Long a firm favourite with British tourists, Dublin is now benefiting from numerous cheap flights from all areas of the UK.

While in the past travellers needed to make the journey to the ports of Wales or north-west England before setting sail to Dublin, now direct flights are available from most major UK airports, with the Irish capital linked to its British counterpart via Gatwick, Heathrow, Luton and Stansted airports.

These are complemented by regular budget services between Dublin and Blackpool, Bournemouth, Bristol, Doncaster-Sheffield, Durham Tees Valley, East Midlands, Exeter, Guernsey, Jersey, Leeds-Bradford, Liverpool, Manchester, Newquay, Norwich, Plymouth and Southampton.

Business and leisure travellers from Scotland can also benefit from good links to Dublin from Aberdeen, Edinburgh and Glasgow Prestwick airports.

Such a large number of routes has helped to keep airline ticket prices competitive, making Dublin one of the most affordable short-haul breaks for British holidaymakers.

((Airlines flying to Dublin from the UK

Perhaps unsurprisingly, Irish low-cost airline Ryanair has come to dominate the tarmac at Dublin Airport and as such offers the greatest number of routes to the UK, including cheap flights from Aberdeen to London and all points in between.

Likewise, fellow low-cost carrier Flybe also offers five budget routes to and from the Irish capital, in comparison to British Airways, which operates services out of just London City and London Heathrow airports.

Also linking the UK with Dublin are Irish national flyer Aer Lingus, bmi and Air France, with the latter operating regular shuttle services to and from London.

Where is Dublin in Ireland?

Straddling the much-lauded Liffey River, Dublin hugs the east coast of Ireland, making it perfect for short weekend trips from the UK.
From the capital, there are regular bus, train and air links to the rest of the Emerald Isle, with many visitors opting to hire a car and venture outside of the big city, with the country's dramatic coastal roads one major draw.

Any stopovers?

With flight times from the UK often below an hour, no stopovers are required, while Dublin's proximity also means that there is no time difference for British travellers.

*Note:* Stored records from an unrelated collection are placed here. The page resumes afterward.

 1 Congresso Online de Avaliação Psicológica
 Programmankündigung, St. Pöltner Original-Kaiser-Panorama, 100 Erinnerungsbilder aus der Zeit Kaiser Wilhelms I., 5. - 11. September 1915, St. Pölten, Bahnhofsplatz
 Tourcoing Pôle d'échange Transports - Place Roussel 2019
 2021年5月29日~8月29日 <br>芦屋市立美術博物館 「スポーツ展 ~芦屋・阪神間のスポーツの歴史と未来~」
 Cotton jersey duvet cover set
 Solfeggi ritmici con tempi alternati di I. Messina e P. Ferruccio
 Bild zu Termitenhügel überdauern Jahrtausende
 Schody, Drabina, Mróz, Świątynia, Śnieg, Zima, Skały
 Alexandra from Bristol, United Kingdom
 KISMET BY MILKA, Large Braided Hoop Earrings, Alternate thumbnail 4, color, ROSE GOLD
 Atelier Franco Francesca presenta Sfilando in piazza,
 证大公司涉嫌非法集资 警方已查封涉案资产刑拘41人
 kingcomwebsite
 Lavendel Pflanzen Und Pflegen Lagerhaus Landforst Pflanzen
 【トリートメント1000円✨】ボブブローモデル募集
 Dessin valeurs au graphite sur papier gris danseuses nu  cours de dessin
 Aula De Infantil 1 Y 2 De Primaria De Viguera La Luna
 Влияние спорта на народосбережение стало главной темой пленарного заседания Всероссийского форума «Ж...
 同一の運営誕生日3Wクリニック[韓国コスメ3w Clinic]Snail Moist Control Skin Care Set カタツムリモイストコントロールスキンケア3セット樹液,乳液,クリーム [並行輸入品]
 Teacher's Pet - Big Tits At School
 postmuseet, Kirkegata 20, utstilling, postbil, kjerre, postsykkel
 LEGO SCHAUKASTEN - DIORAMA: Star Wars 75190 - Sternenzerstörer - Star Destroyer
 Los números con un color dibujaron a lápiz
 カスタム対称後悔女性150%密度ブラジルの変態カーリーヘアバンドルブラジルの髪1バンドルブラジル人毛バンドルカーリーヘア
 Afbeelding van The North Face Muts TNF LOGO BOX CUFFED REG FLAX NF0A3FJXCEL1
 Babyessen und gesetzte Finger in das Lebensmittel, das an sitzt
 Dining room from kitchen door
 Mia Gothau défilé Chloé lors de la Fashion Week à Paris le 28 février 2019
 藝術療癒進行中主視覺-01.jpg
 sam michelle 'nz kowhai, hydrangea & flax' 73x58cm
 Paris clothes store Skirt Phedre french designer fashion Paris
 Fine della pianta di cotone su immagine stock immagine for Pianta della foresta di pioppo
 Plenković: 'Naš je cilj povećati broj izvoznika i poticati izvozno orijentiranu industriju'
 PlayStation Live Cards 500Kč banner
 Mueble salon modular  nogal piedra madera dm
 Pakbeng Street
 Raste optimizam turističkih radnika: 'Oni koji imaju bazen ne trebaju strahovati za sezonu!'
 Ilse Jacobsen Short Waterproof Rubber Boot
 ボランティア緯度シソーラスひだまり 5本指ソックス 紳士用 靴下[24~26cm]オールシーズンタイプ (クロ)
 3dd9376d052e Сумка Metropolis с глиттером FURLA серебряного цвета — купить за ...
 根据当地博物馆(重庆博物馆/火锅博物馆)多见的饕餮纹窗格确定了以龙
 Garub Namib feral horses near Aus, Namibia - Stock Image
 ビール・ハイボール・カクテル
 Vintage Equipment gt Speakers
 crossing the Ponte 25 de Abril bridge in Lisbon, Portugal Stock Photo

Things to see and do in Dublin

Though it grew rich on sea-faring trade and commerce, Dublin is today known as one of the world's best party cities, with millions of visitors heading out to the pubs and clubs of the famous Temple Bar district or taking a tour of the Guinness Storehouse every year.

Those looking for a more sedate holiday are also in for a treat, with highlights including the world-renowned Trinity College, which is home to the magnificent Book of Kells, the James Joyce Museum and the Post Office, which played a central role in the 1916 uprisings.

Sitting alongside such history, Grafton Street boasts the best in Irish shopping and its surrounding lanes are home to excellent boutiques, bars and restaurants.

Dublin's compact and historic centre makes it easy to negotiate, while most of the city's hotels are within walking distance of all the major sites.